**What is being asked**
The listing below should be printed exactly, though its pictures must not be.

**Supplied information**
=== Begin Enclosure ===
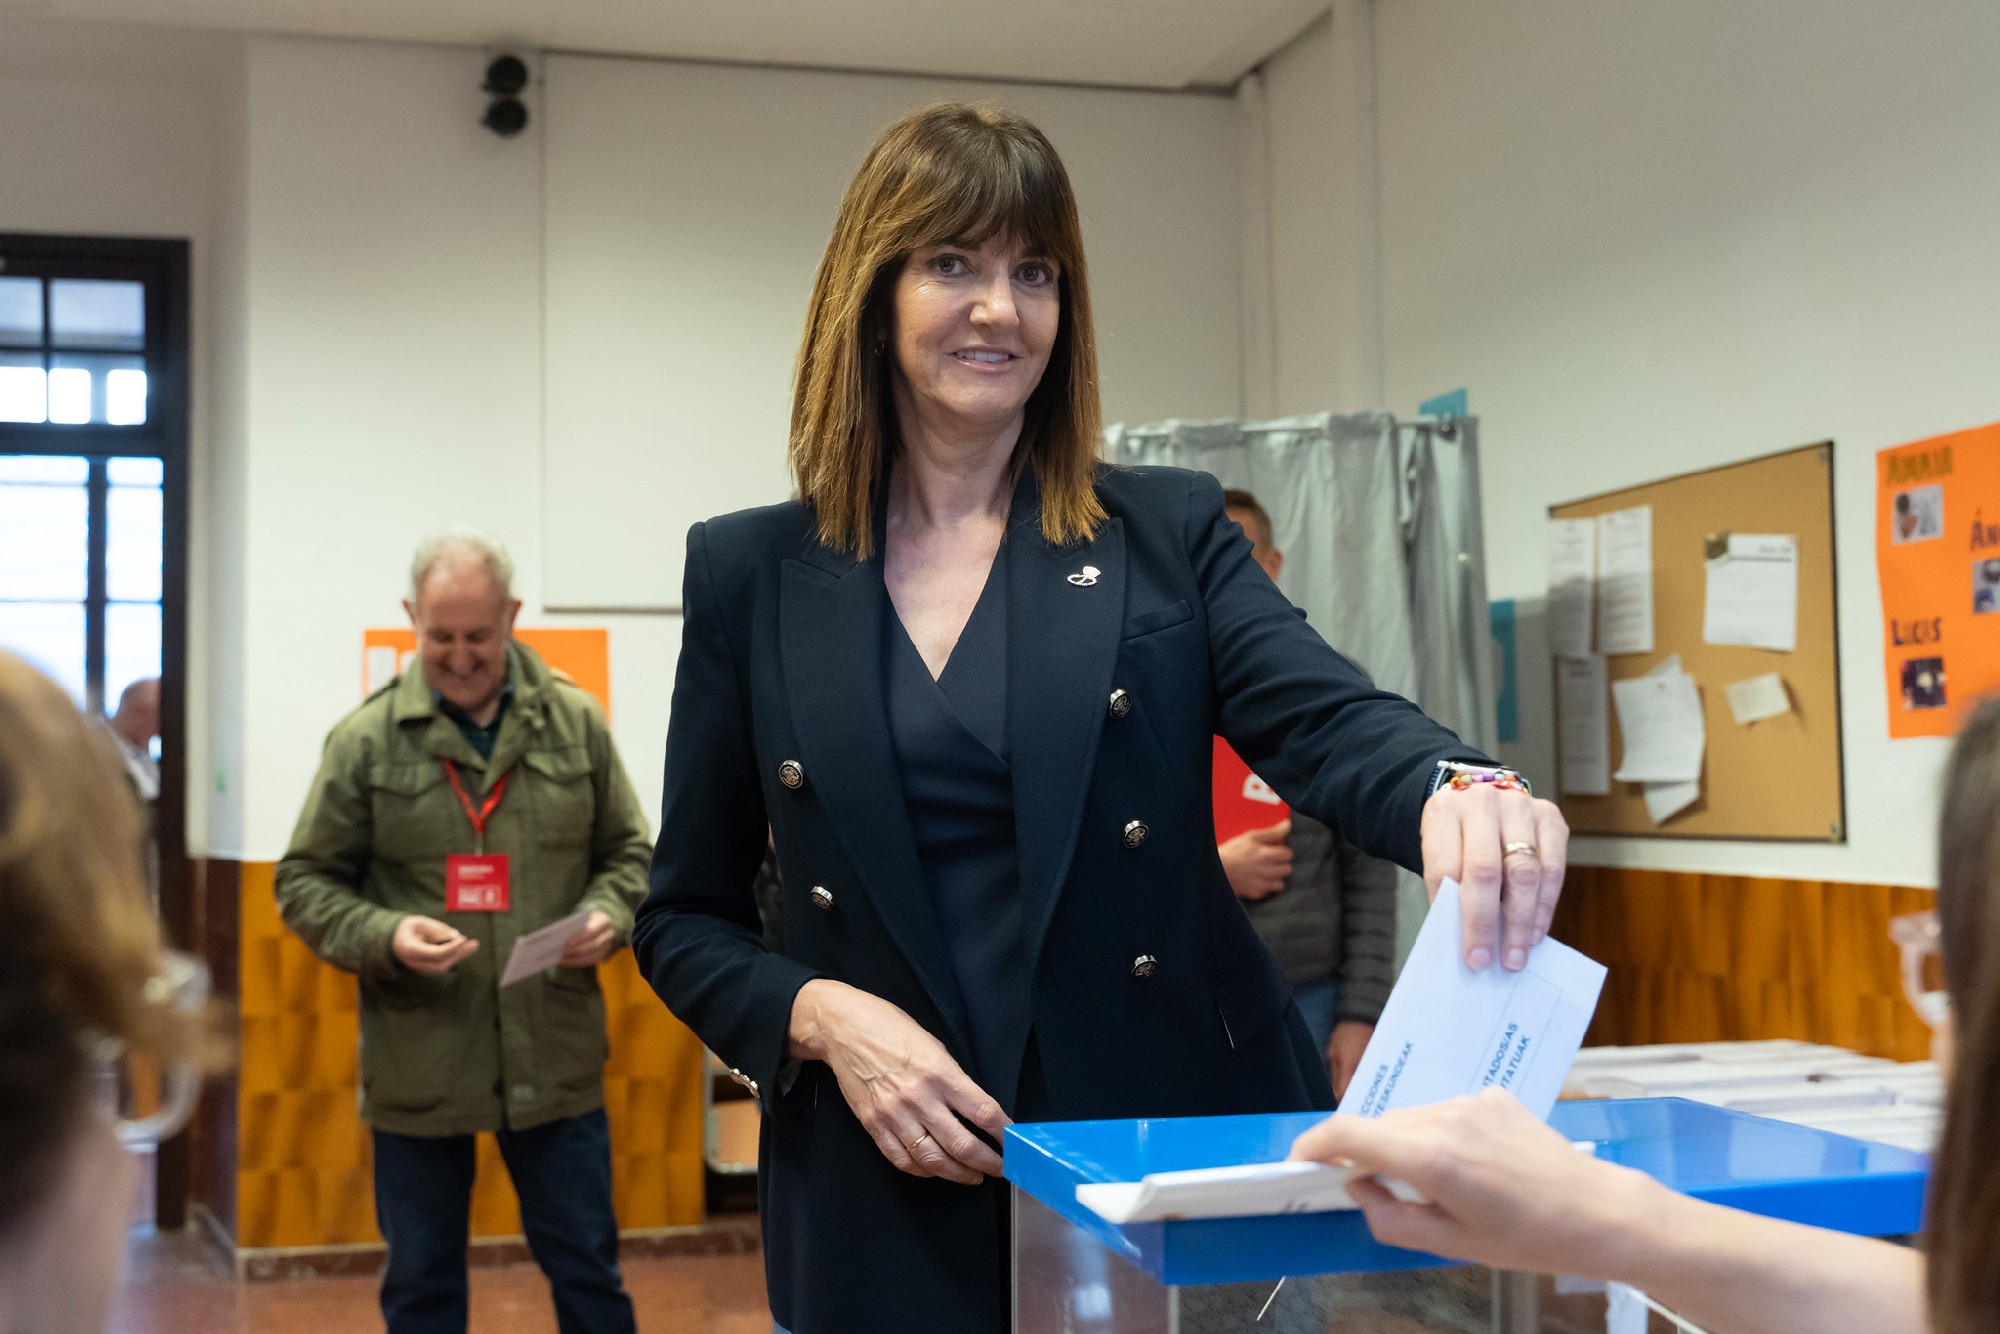 La candidata socialista vasca a las próximas elecciones europeas, Idoia Mendia, votando en su colegio electoral de Bilbao | Foto: Socialistas Vascos
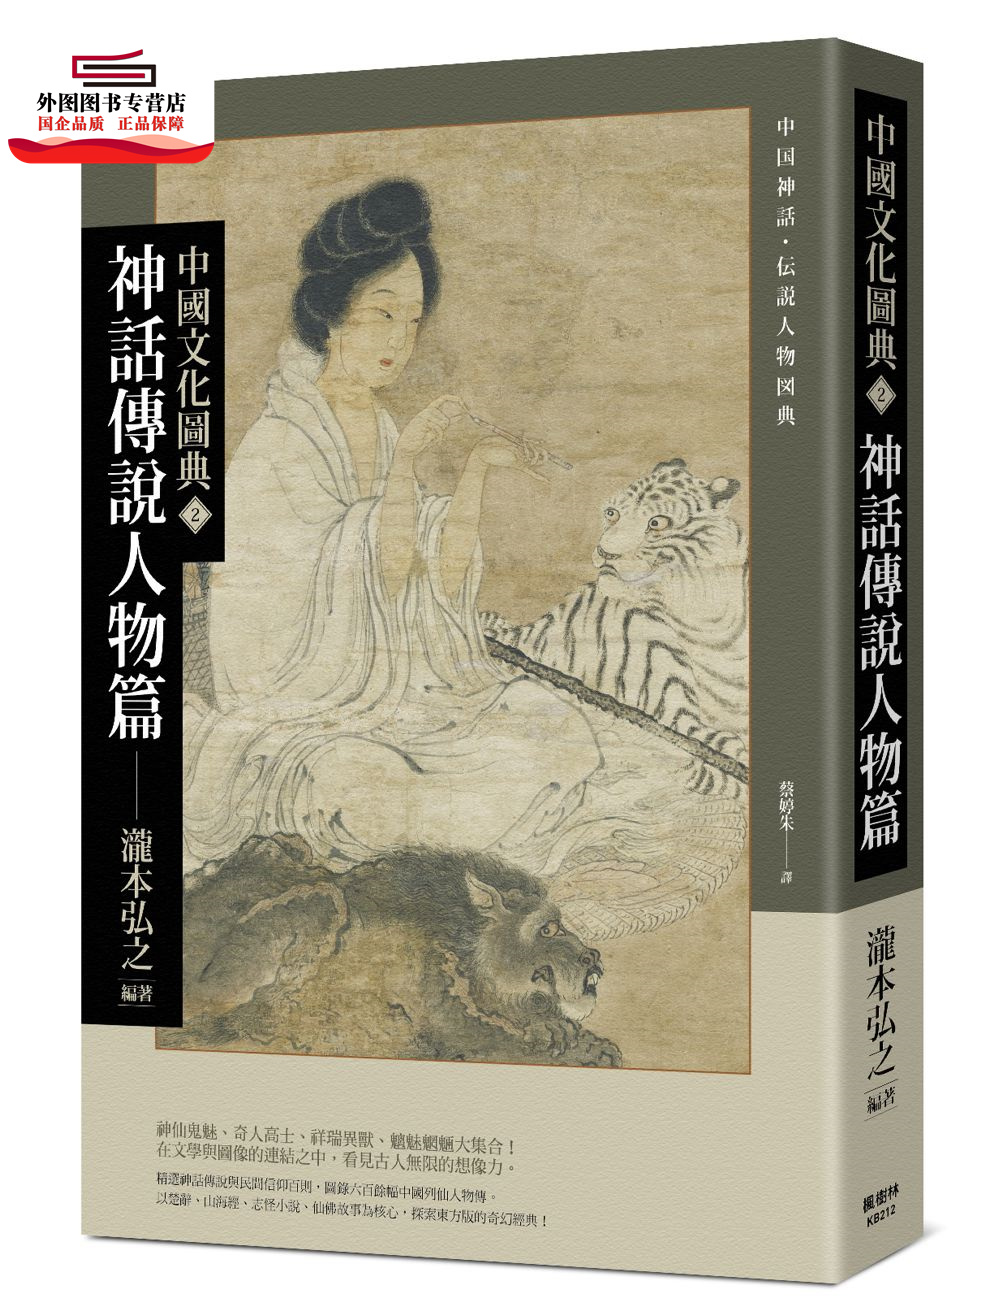 预售【外图台版】中国文化图典2 神话传说人物篇 / 泷本弘之 枫树林
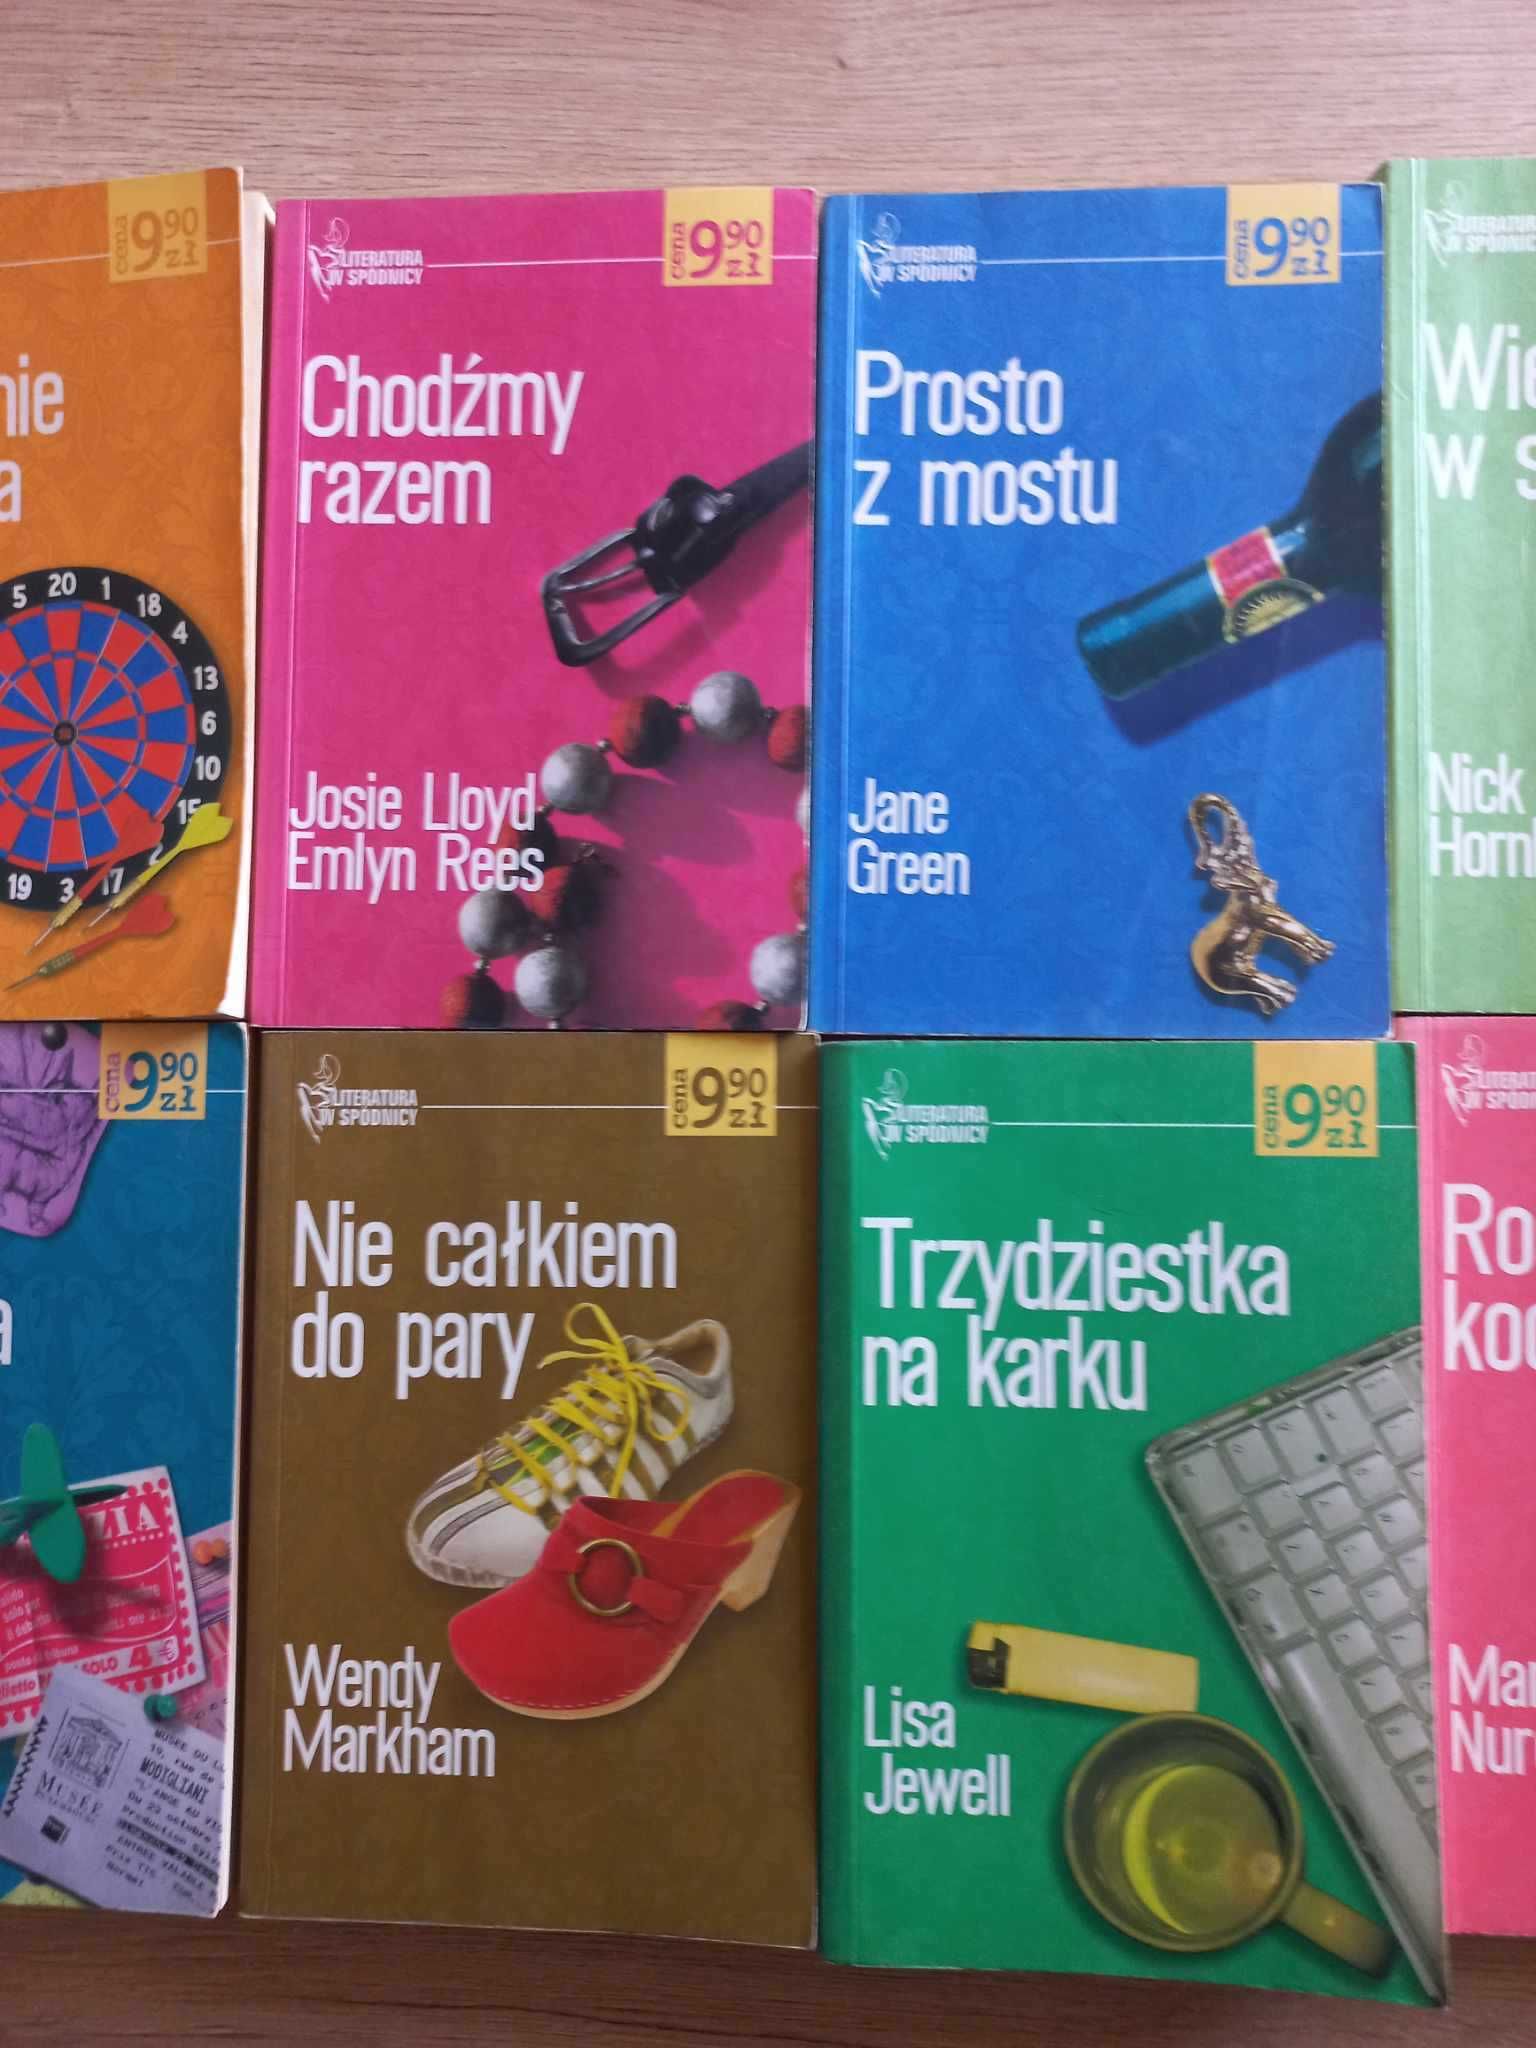 10 książek najlepszych autorek literatury kobiecej - Maria Nurowska ..
=== End Enclosure ===
**Response**
 La candidata socialista vasca a las próximas elecciones europeas, Idoia Mendia, votando en su colegio electoral de Bilbao | Foto: Socialistas Vascos
 预售【外图台版】中国文化图典2 神话传说人物篇 / 泷本弘之 枫树林
 10 książek najlepszych autorek literatury kobiecej - Maria Nurowska ..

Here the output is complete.